Friday, June 09, 2006

New Generation of Multimedia Albums

The advent of WWW and its widespread use in mid 90s resulted in many people take advantage of it for saving thier multimedia content over the Internet. Also many big service providers such as Yahoo and MSN contributed so much to this desire by providing groups and photo albums and so on for free to everyone. These cyber albums and galleries was very impressive in that days providing you sharing your multimedia content with every one in the world.

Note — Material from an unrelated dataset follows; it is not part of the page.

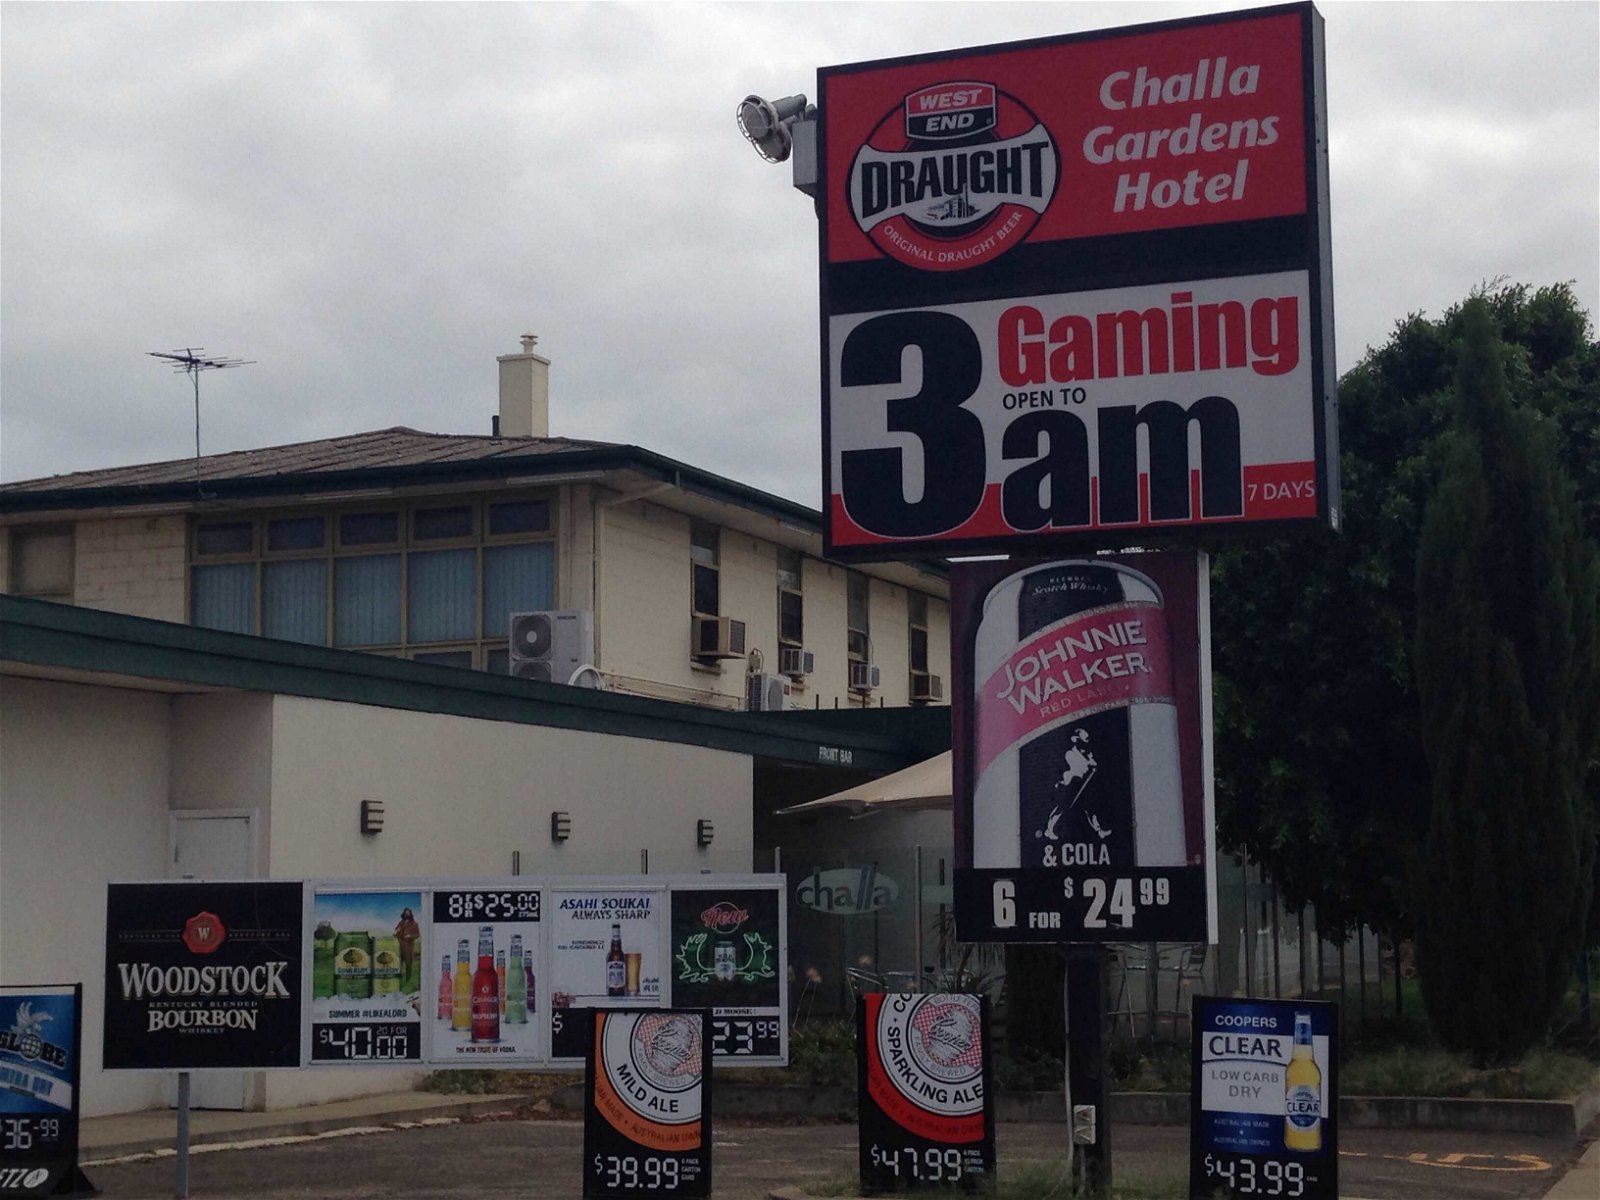 Challa Gardens Hotel - Port Augusta Accommodation

but it was not the end. That's really great to share your content with all people but it is nothing more than digital counterpart (exactly counterpart) of traditional photo albums. Information technology is actually much more powerful than providing just this facilities (Although it is very nice and useful ). The main drawback of these traditional-like multimedia content collections is that it must be known before use. In blunt terms you must know excatlly where to find what you want. In almost all reall occasions we just know what we want and expect from Internet to help us find where it is. The booming search engine Google is excatly do this albeit in a general purpose.
Experts soon came up with innovative ideas for addressing this shortcoming in multimedia contents. Flickr(photo) , Dailymotion(video) and YouTube(video) are actually utilizing these idea to help users just know what they want. The technique they apply is very simple. They save all the contents in flat way (contrary to photo albums that you can define whatever hierarchy you need) but assign userdefined tags to each resource. A tag is not anything more than a string of characters that describe the resource from a particular viewpoint. I think it provides the same abstraction that heirarchy provides but not in exclusive way and that's the actual improvement.
This way of organizing resources in Internet is just started but going to change the way we think about Internet very soon.